Available data ::
◇ ◇ ◇
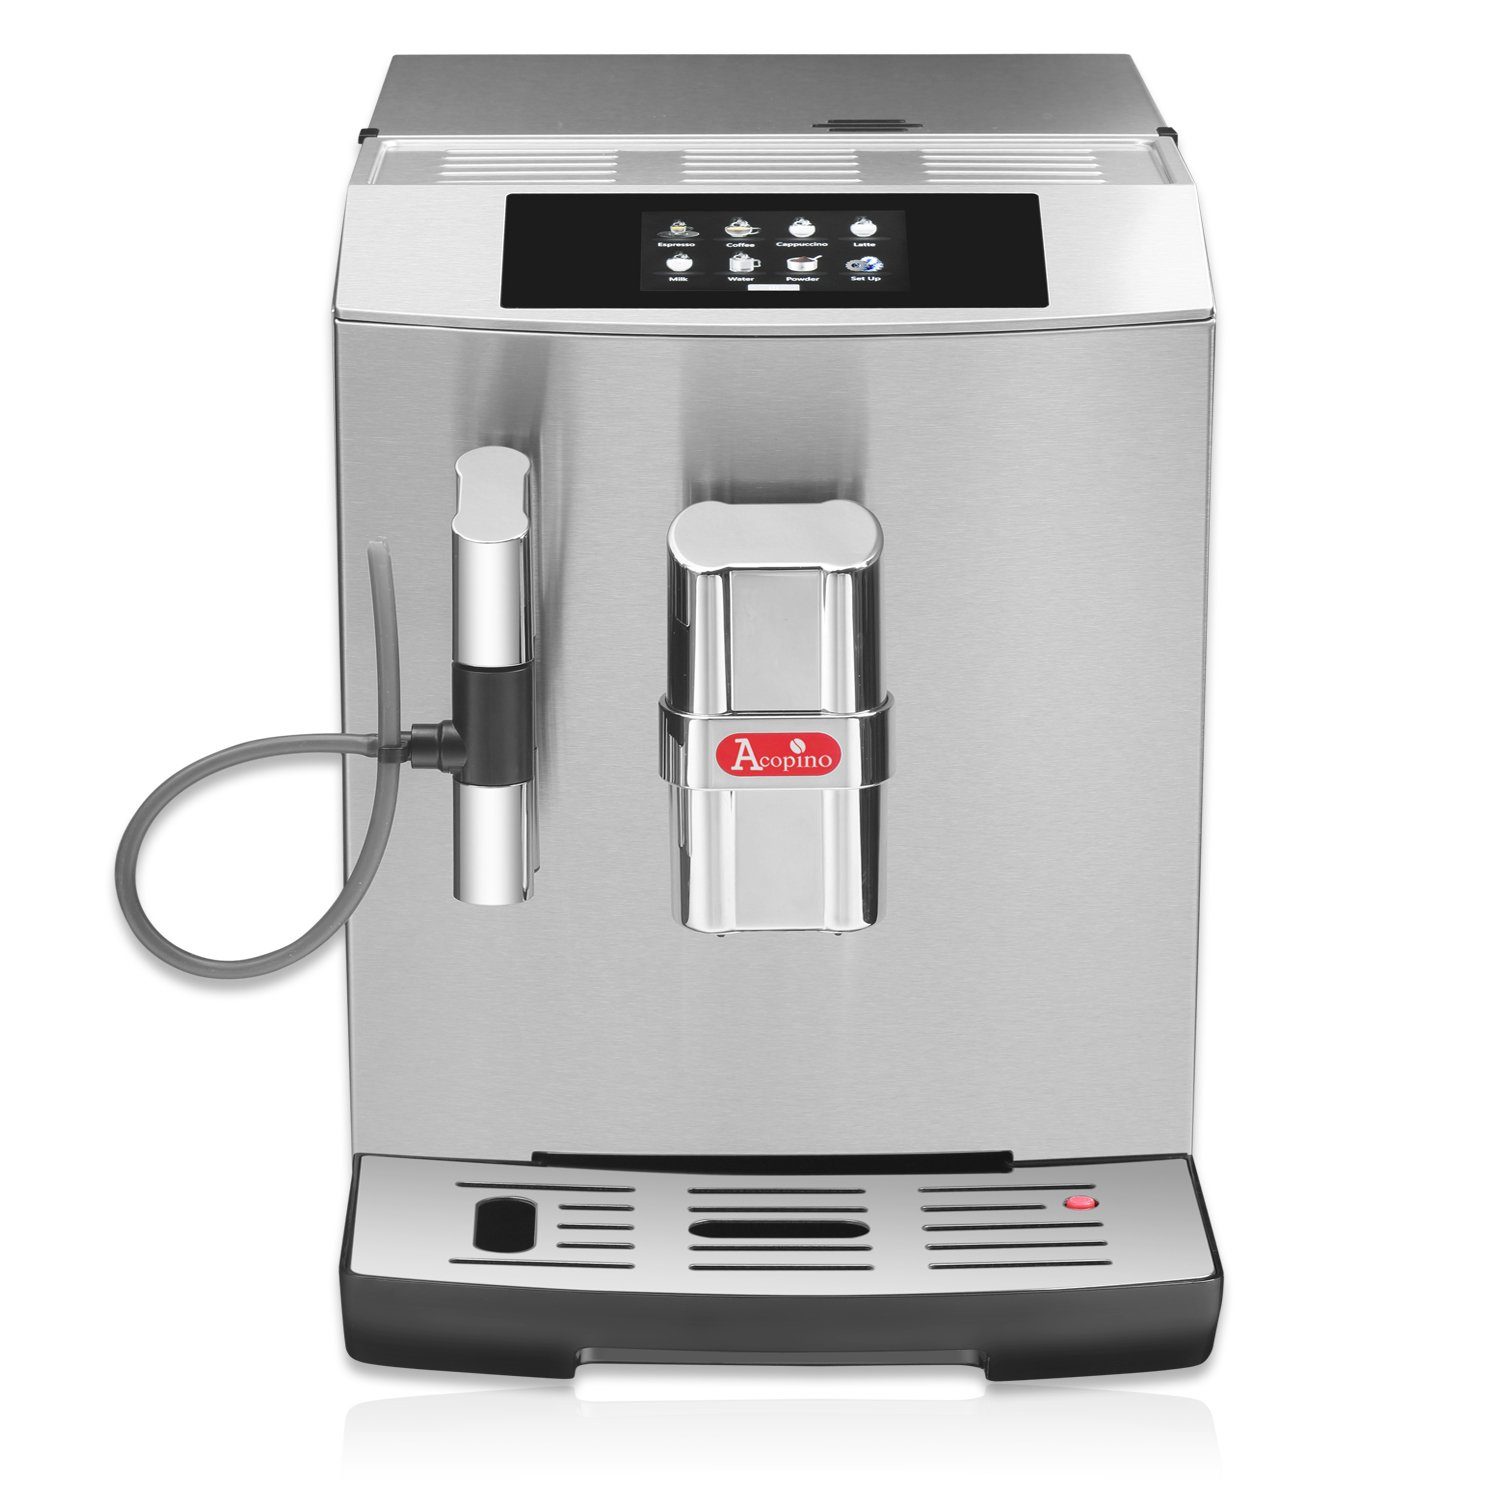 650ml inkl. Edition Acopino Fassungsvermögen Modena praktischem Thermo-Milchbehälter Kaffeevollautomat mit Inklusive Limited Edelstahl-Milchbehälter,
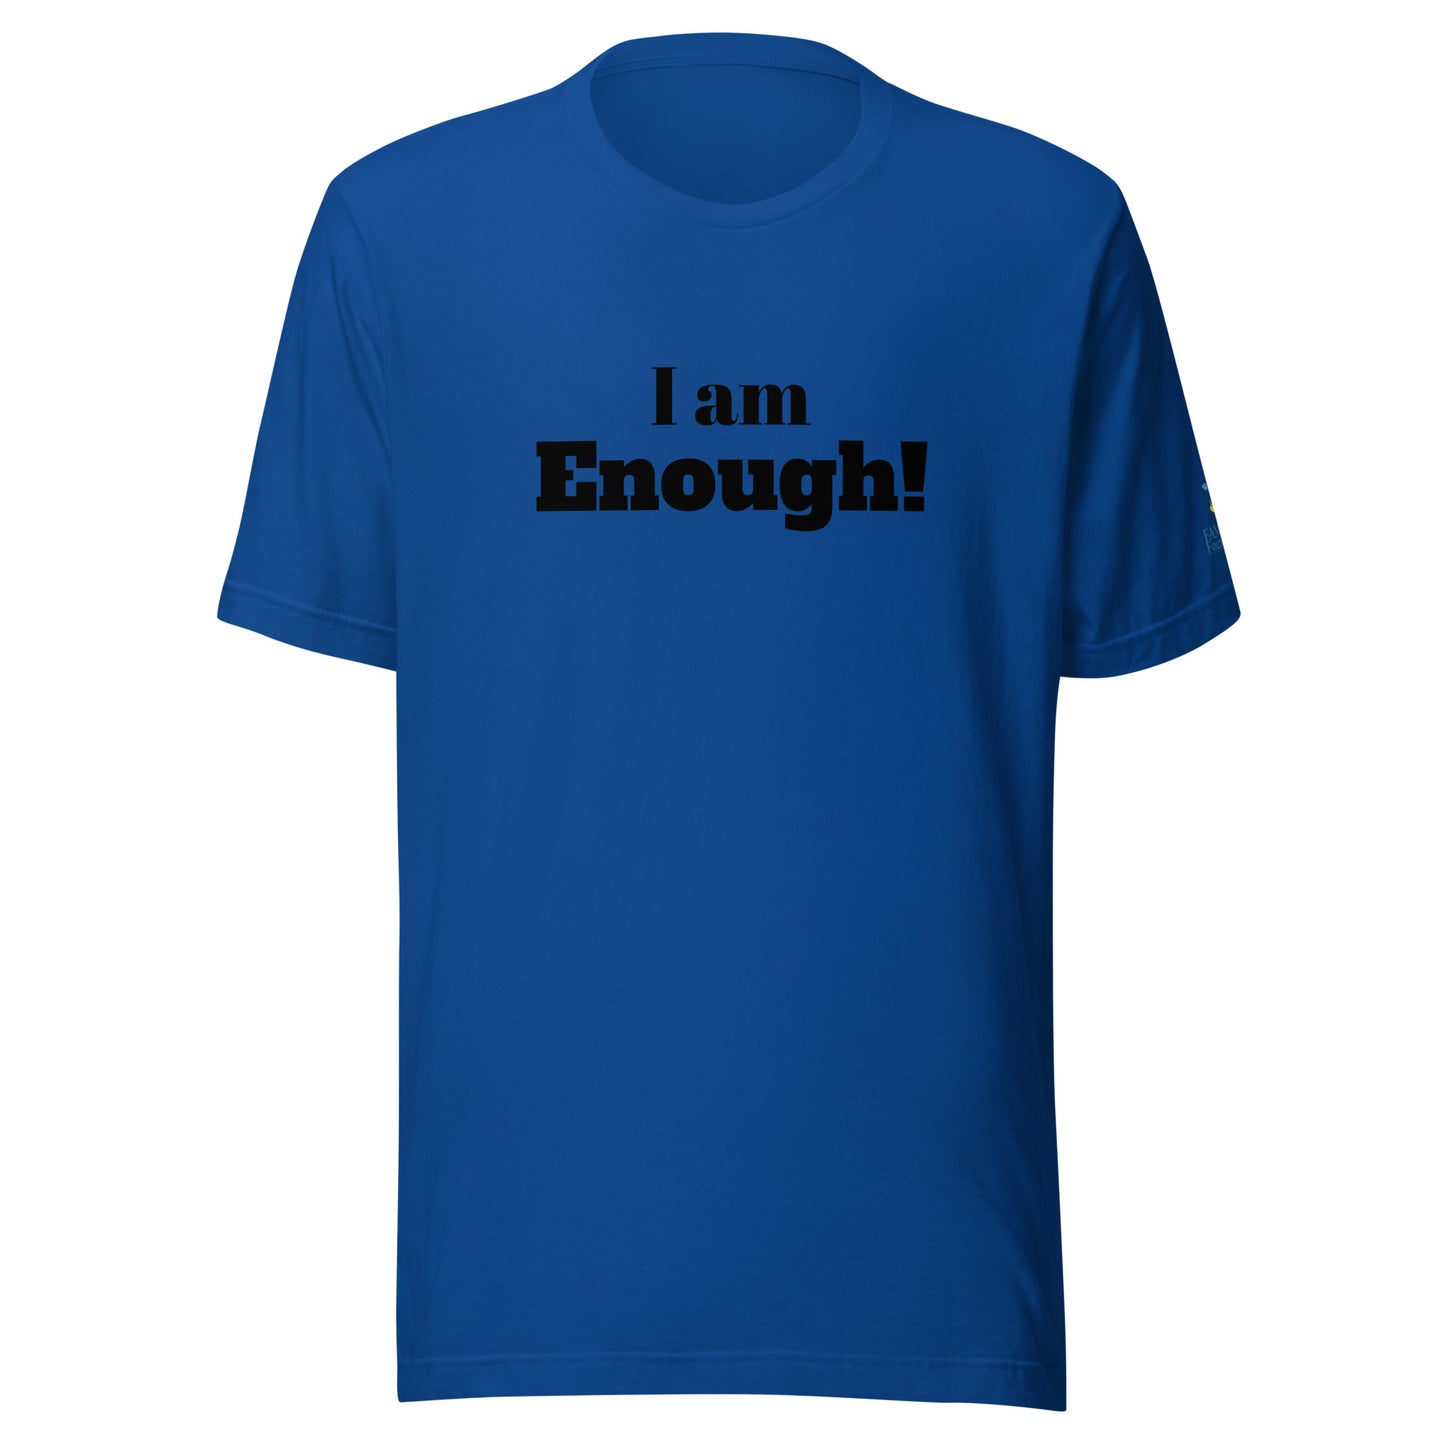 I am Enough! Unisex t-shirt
◇ ◇ ◇
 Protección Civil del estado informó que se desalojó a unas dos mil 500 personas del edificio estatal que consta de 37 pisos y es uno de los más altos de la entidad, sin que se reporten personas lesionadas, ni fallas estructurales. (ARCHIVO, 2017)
◇ ◇ ◇
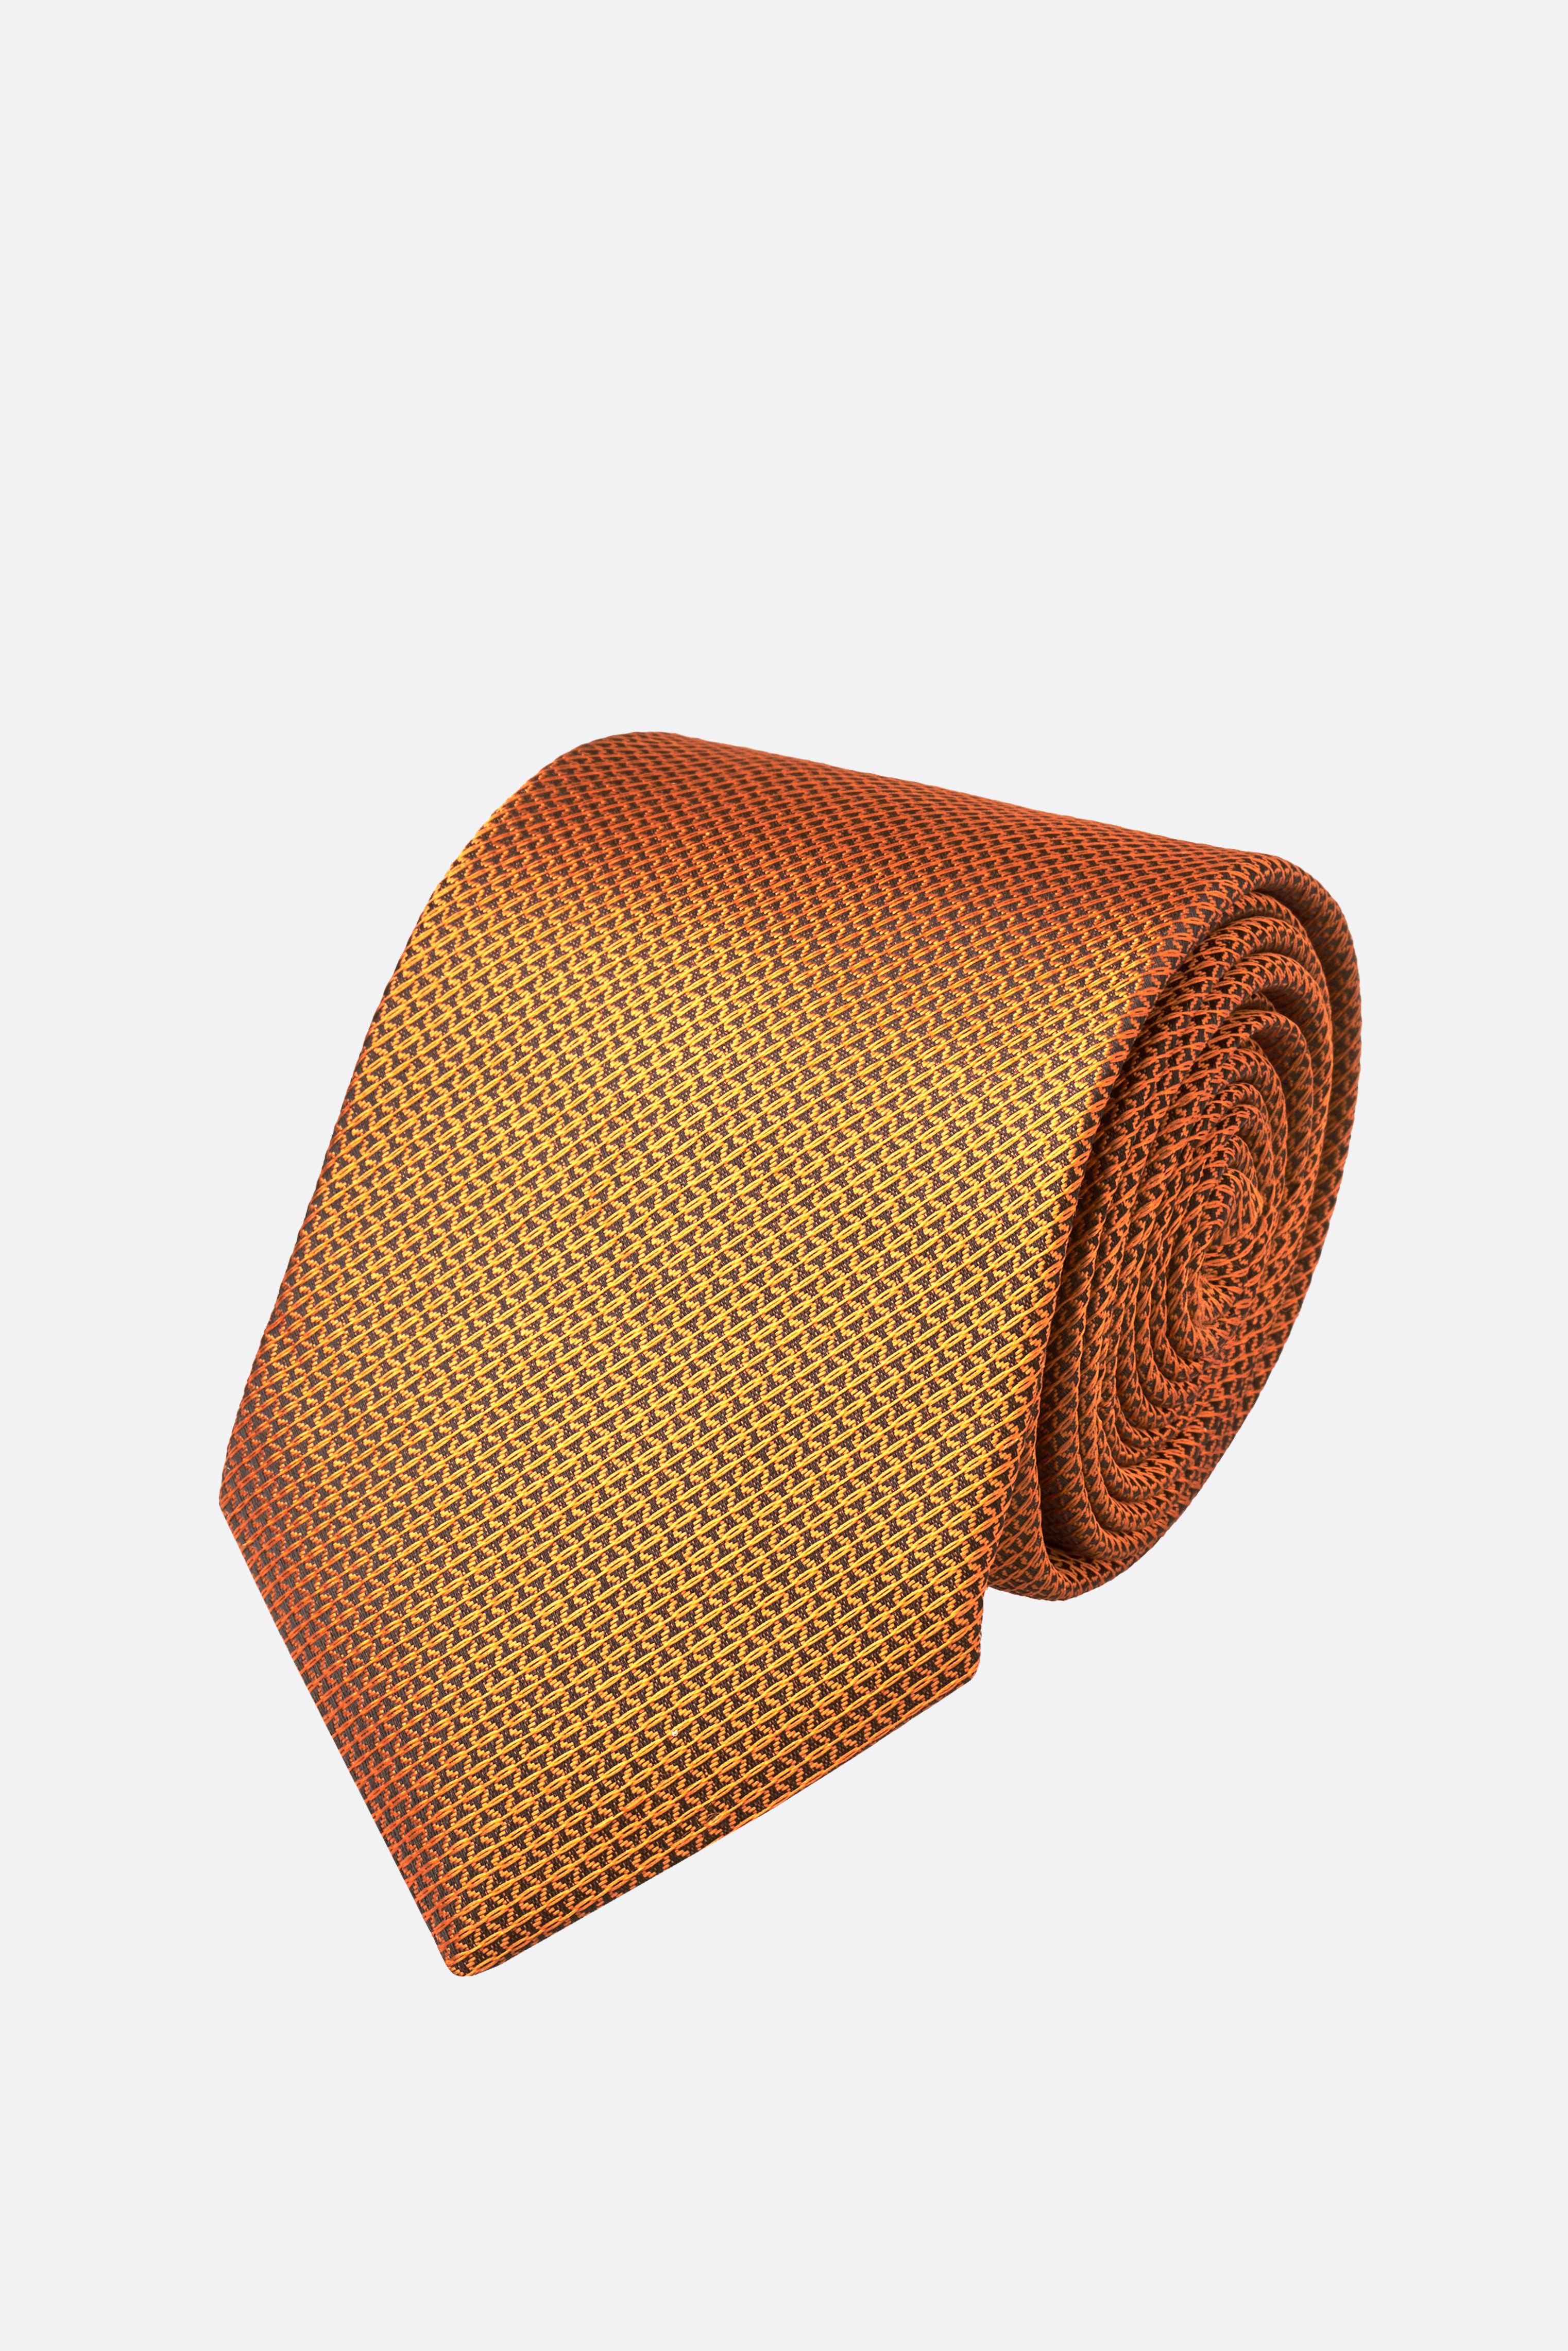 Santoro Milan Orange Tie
◇ ◇ ◇
Task requirements :: Would you set down only the lines above from the line with "650ml inkl. Edition" to the line with "I am Enough! Unisex t-shirt", both included, exactly as they stand and without the pictures?

Answer for the task ::
 650ml inkl. Edition Acopino Fassungsvermögen Modena praktischem Thermo-Milchbehälter Kaffeevollautomat mit Inklusive Limited Edelstahl-Milchbehälter,
 I am Enough! Unisex t-shirt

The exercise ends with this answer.